Contact persons: Claudia Wiemer, Alessio Lamperti

Two instruments are available

1

Techniques (instrument name) XRD and XRR (HRXRD IS2000)
Technical characteristics Goebel mirror monochromator, 4 circle goiniometer, scintillator and position sensitive detector, equipped with Anton Paar sample holder for measurements vs temperature (RT-1200°C) in N2 or air.
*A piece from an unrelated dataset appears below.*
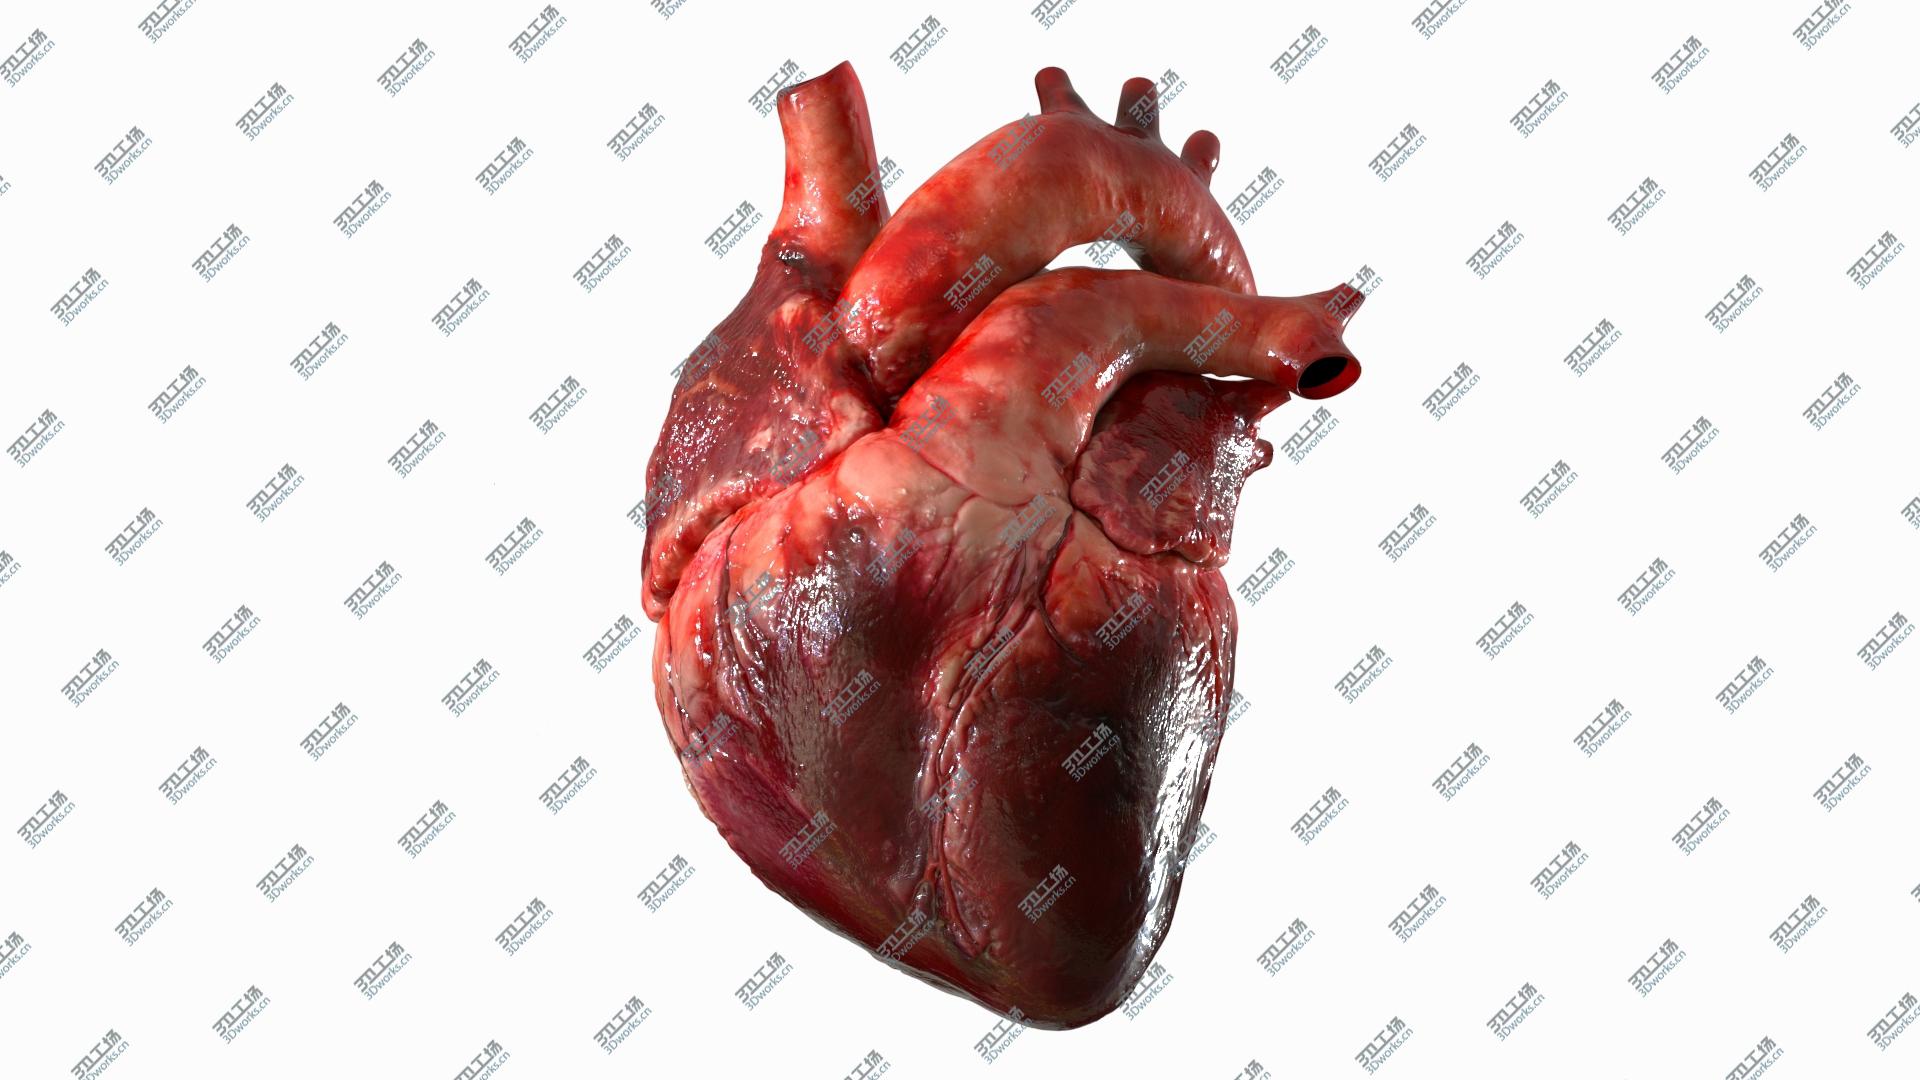 images/goods_img/20210113/3D Human Heart Anatomy (Animation) model/3.jpg
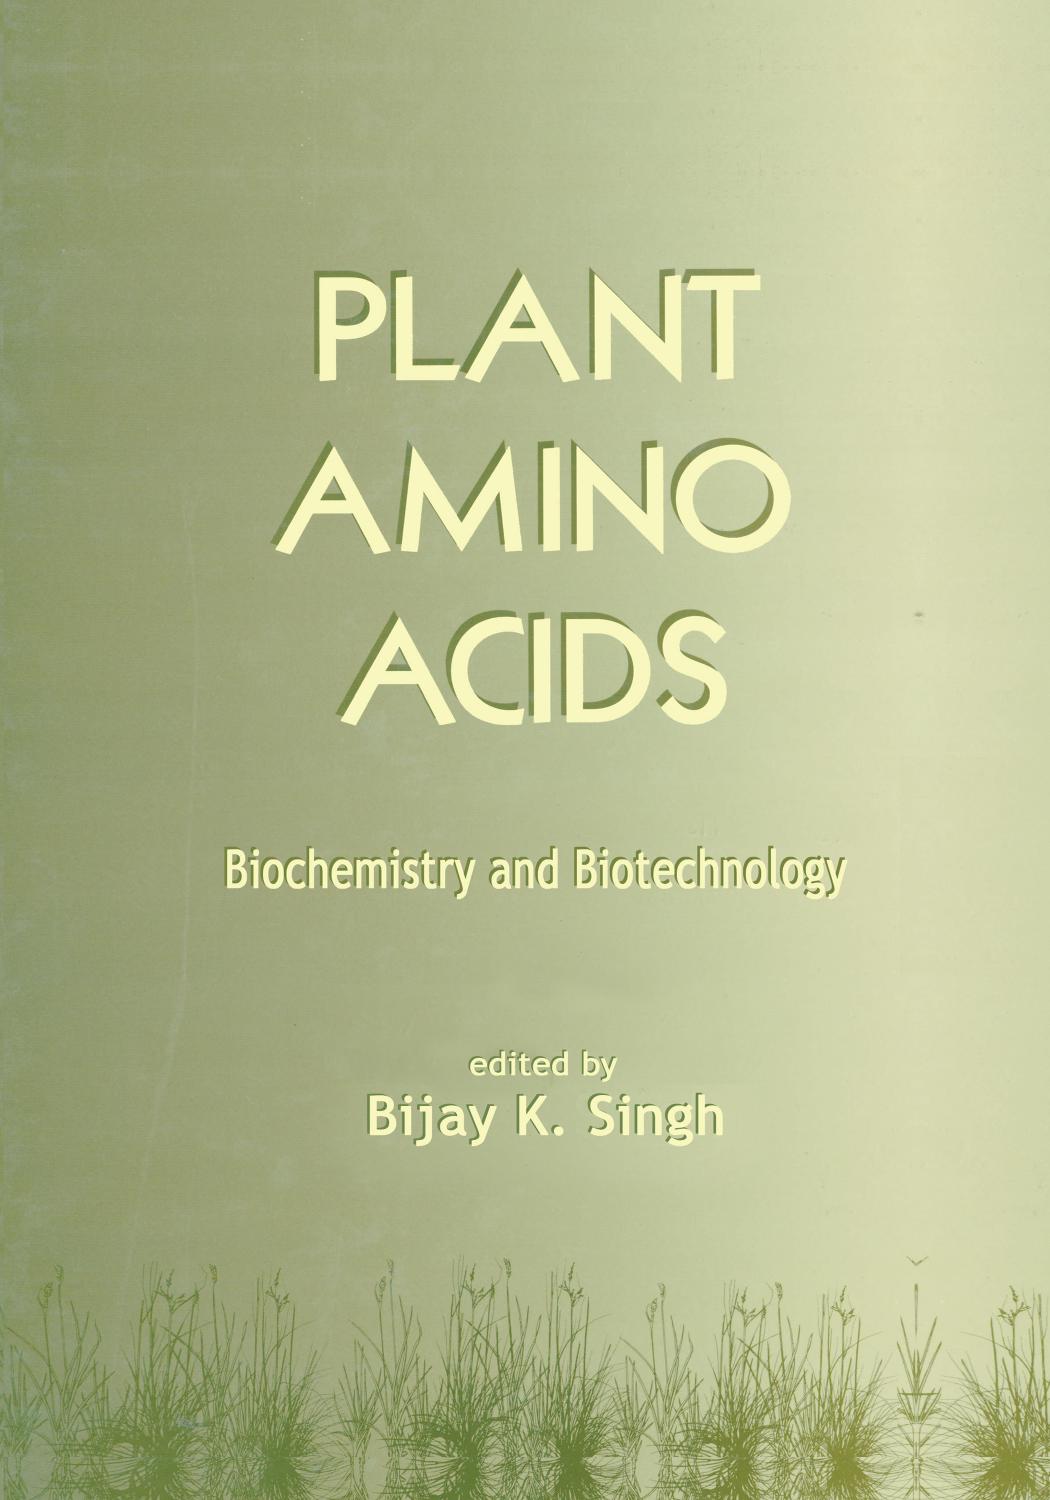 Plant amino acids : biochemistry and biotechnology

All the geometries for diffraction and x-ray scattering are in principle possible.
Materials /devices  to be analysed Thin inorganic films from 2 nm to 1 mm (less experience for the study of organic materials)
Samples Size ranging from 1 mm2 to 8 inches, possibility to scan x and y with 1/100 mm step. Sample maximum 2x2 cm2 for in situ XRD vs T
Excellence Instrument developed within the framework of the European Project (ESQUI: 2001-20014, RTD project n. GRD1-1999-11097) with the specific purpose of advancing x-ray diffraction and x-ray reflectivity characterization for thin films for the microelectronic industry. The combination of a position sensitive and a scintillator detector allows the precise measurement of sample thickness by x-ray reflectivity and x-ray diffraction analysis with enhanced signal to noise ratio, reducing the acquisition time and enhancing sensitivity to ultra thin films. The Instrument was then commercialized by Italstructures (Riva del Garda). The use of this instrument and the refinement of the data is of particular relevance for the microelectronic industry, in particular since the era of high-k materials, it reveals the signature of crystallization in thicknesses that were only accessible by TEM.
Relevant publications

Wiemer C. et al., Thin Sol. Films. 450/1, 134-137 (2004)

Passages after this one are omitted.